Step 1: Clone the repository and set up the environment

bash git clone https://github.com/adithya-s-k/marker-api cd marker-api cp .env.example .env poetry install # or pip install -e .

Step 2: Run Redis using Docker

Since Redis is essential for Celery to function, let's run Redis in a Docker container. This will ensure it's up and running on port 6379.

bash docker run -d -p 6379:6379 redis

Now, update your .env file with the correct Redis host URL:

bash REDIS_HOST=redis://localhost:6379/0

Step 3: Open three terminals for each service

You will need three separate terminals for Redis, Celery, and FastAPI:

  • Terminal 1: Start a Celery worker

    bash celery -A marker_api.celery_worker.celery_app worker --pool=solo --loglevel=info

  • Terminal 2: Start Flower for Celery task monitoring

    bash celery -A marker_api.celery_worker.celery_app flower --port=5555

  • Terminal 3: Run FastAPI server

    bash python distributed_server.py --host 0.0.0.0 --port 8080

Adding More Celery Workers

To scale Celery workers manually, you can open more terminals and run the same Celery worker command:

bash celery -A marker_api.celery_worker.celery_app worker --pool=solo --loglevel=info

Each new terminal will spin up a new worker, allowing the system to handle more tasks concurrently.


Docker Compose Setup (Distributed Server) 🐳

For an even more seamless setup, you can use Docker Compose, which helps run all services within containers. Here’s how to do it.

Step 1: Start the distributed server with Docker Compose

Use Docker Compose to orchestrate all the services.

  • Without Scaling:

    bash sudo docker-compose -f docker-compose.gpu.yml up --build

This command will start:

  • FastAPI on port 8080.
  • Redis for managing task queue messages.
  • Celery Worker to handle background tasks.
  • Flower on port 5556 to monitor the Celery tasks.
Step 2: Scale Celery Workers with Docker Compose

To scale up Celery workers, you can use the --scale option:

bash sudo docker-compose -f docker-compose.gpu.yml up --build --scale celery_worker=3

  • This command will start 3 Celery workers, increasing the task processing capacity of the system.
  • When you use scaling, Docker Compose will automatically spin up multiple instances of the celery_worker service.

Explanation of Scaling in Docker Compose

When running without scaling, you get one instance of the Celery worker service. However, adding the --scale celery_worker=3 flag creates three instances of the worker, meaning tasks will be processed concurrently by three separate workers, which improves the throughput and helps distribute the load across multiple workers.

Kubernetes Support

(Coming Soon)

Why Distributed?

The distributed server architecture offers several advantages over the simple server:

  1. Scalability: By using Celery workers, the system can easily scale horizontally by adding more worker instances to handle increased load.

  2. Reliability: The distributed system is more resilient to failures.
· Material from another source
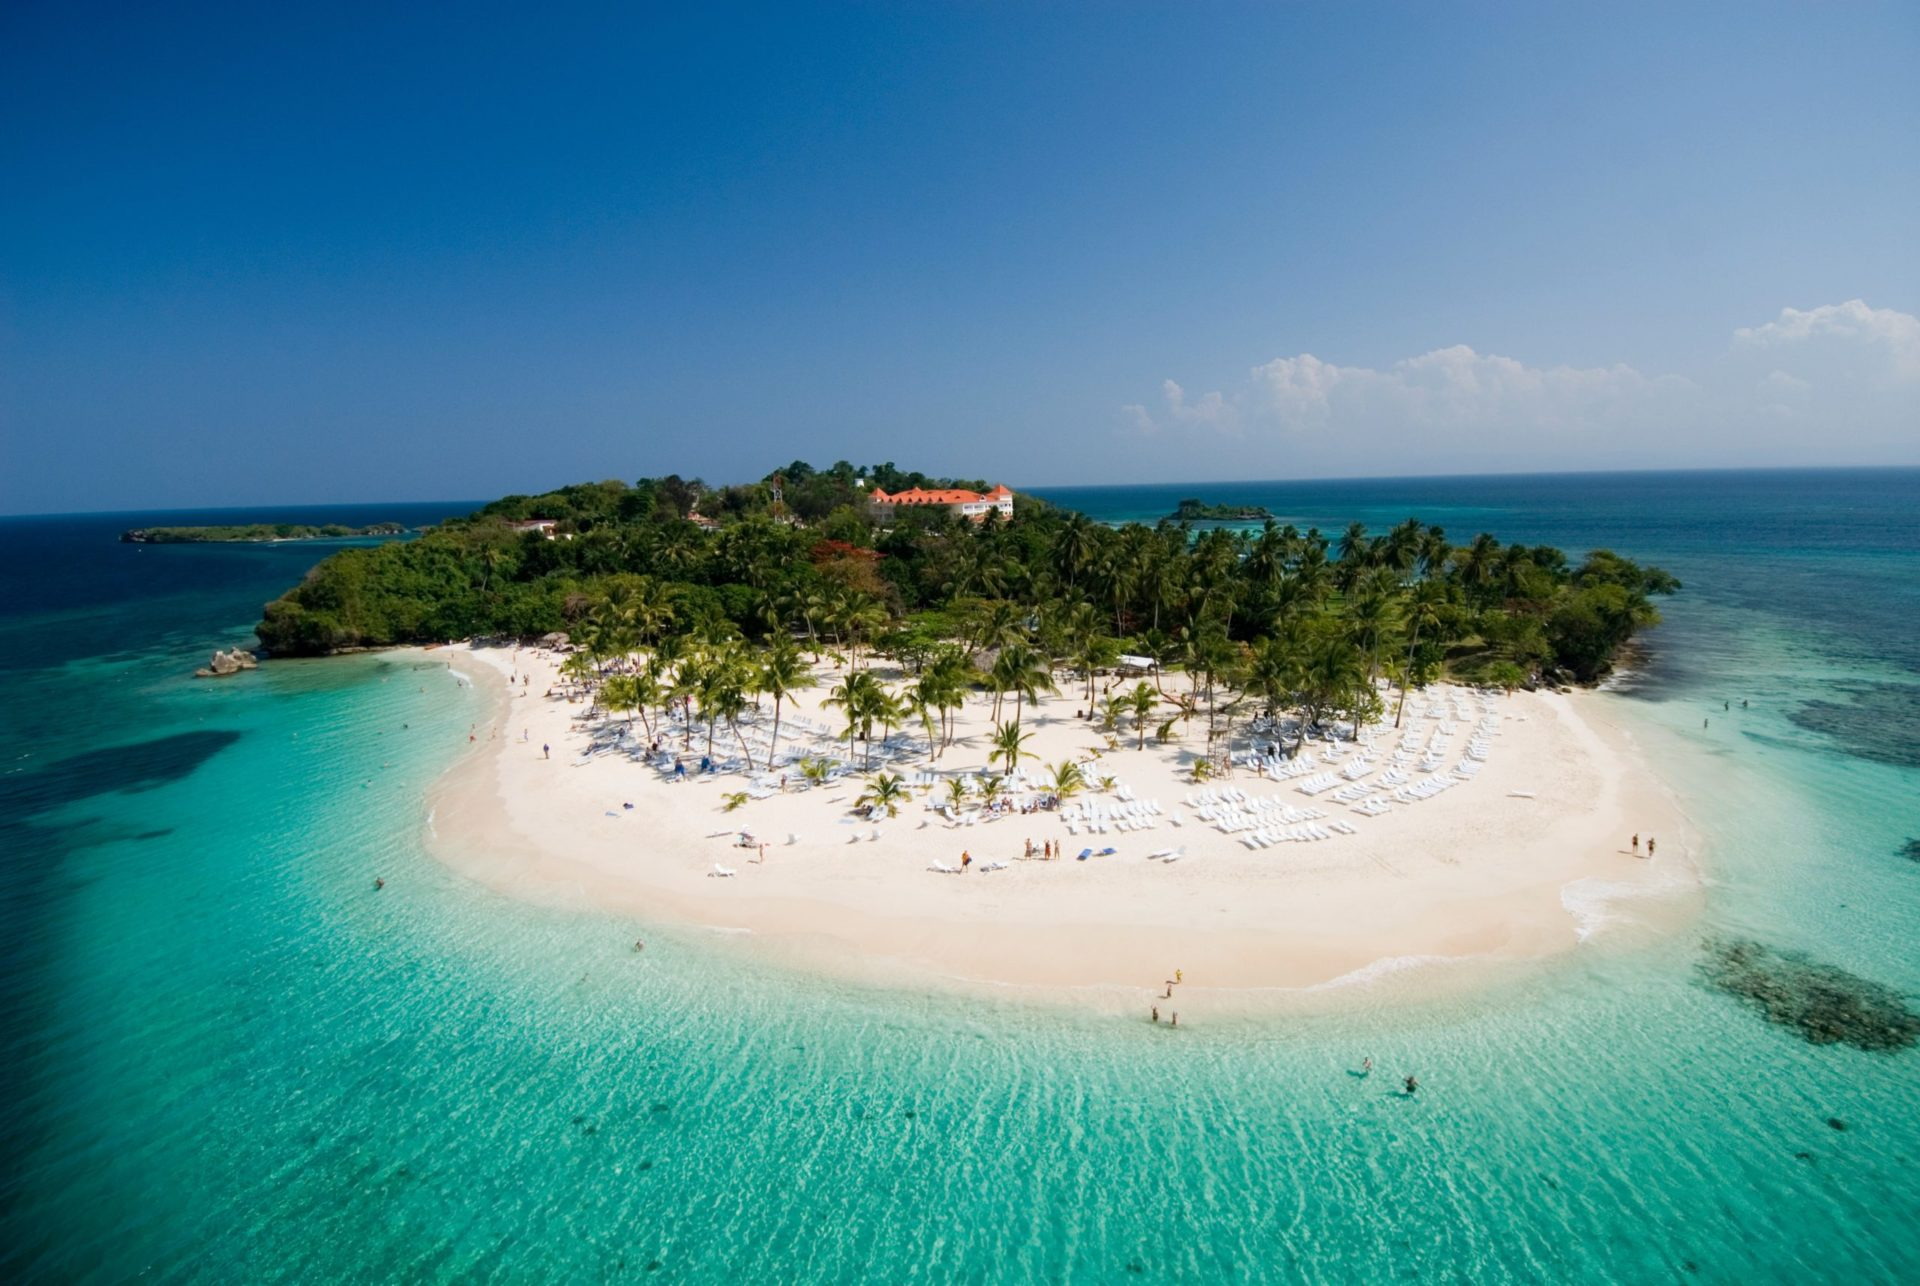 Wassertemperatur Dominikanische Republik
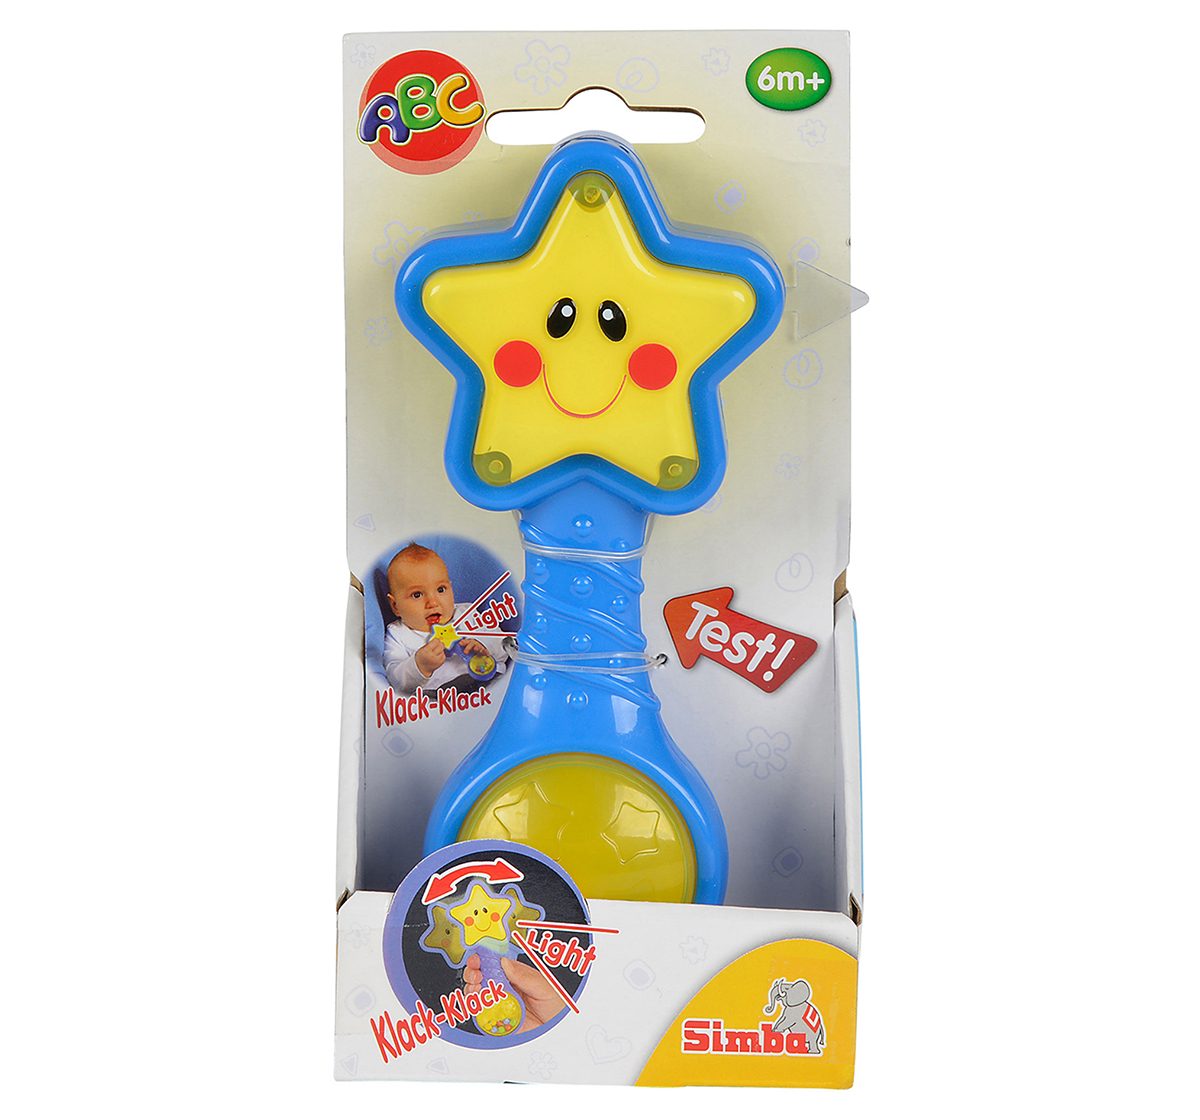 Simba | Simba Abc Star Rattle With Light, Unisex, 0M+ (Blue)

If one worker crashes, others can continue processing tasks.

  3. Non-blocking: Asynchronous processing allows the API to handle many requests concurrently without blocking, improving overall throughput.

  4. Resource Management: The distributed architecture allows for better management of resources, particularly important for GPU utilization in PDF processing.

  5. Monitoring: With tools like Flower, it's easier to monitor the system's performance and identify bottlenecks.

  6. Flexibility: The distributed setup allows for more complex workflows and integration with other services.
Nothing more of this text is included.